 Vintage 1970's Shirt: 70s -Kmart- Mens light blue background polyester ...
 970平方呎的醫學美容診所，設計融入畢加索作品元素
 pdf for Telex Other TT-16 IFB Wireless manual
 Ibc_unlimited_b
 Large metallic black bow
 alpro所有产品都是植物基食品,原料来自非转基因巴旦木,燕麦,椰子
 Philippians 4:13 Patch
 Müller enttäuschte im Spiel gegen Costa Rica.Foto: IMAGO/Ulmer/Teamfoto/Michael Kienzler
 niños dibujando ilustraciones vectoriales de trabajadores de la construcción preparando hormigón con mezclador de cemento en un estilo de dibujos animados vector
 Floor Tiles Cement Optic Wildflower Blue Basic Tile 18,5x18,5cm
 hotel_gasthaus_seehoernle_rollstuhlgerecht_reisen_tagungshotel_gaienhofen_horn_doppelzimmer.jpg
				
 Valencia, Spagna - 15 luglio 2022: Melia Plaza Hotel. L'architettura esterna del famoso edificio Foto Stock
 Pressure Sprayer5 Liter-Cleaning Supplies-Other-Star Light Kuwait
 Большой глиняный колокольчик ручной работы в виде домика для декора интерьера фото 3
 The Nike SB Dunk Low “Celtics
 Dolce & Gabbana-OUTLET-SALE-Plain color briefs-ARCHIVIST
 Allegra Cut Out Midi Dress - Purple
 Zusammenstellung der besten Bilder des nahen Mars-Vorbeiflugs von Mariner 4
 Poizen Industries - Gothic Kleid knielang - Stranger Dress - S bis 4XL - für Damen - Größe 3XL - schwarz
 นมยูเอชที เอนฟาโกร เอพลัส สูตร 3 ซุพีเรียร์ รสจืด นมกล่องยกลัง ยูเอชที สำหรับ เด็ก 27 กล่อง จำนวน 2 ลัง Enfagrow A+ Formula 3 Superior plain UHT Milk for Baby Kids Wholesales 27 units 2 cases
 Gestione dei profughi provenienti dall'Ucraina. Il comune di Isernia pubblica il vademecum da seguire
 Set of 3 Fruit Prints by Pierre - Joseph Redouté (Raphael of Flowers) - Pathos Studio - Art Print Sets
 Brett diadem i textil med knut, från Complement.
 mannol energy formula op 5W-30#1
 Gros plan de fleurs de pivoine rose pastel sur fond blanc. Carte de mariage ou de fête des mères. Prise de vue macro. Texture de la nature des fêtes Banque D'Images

::::

:: YOUR OBJECTIVE ::
In the data above, which lines have "Dress"? Report each of them.

:: OUTPUT OF THE TASK ::
 Allegra Cut Out Midi Dress - Purple
 Poizen Industries - Gothic Kleid knielang - Stranger Dress - S bis 4XL - für Damen - Größe 3XL - schwarz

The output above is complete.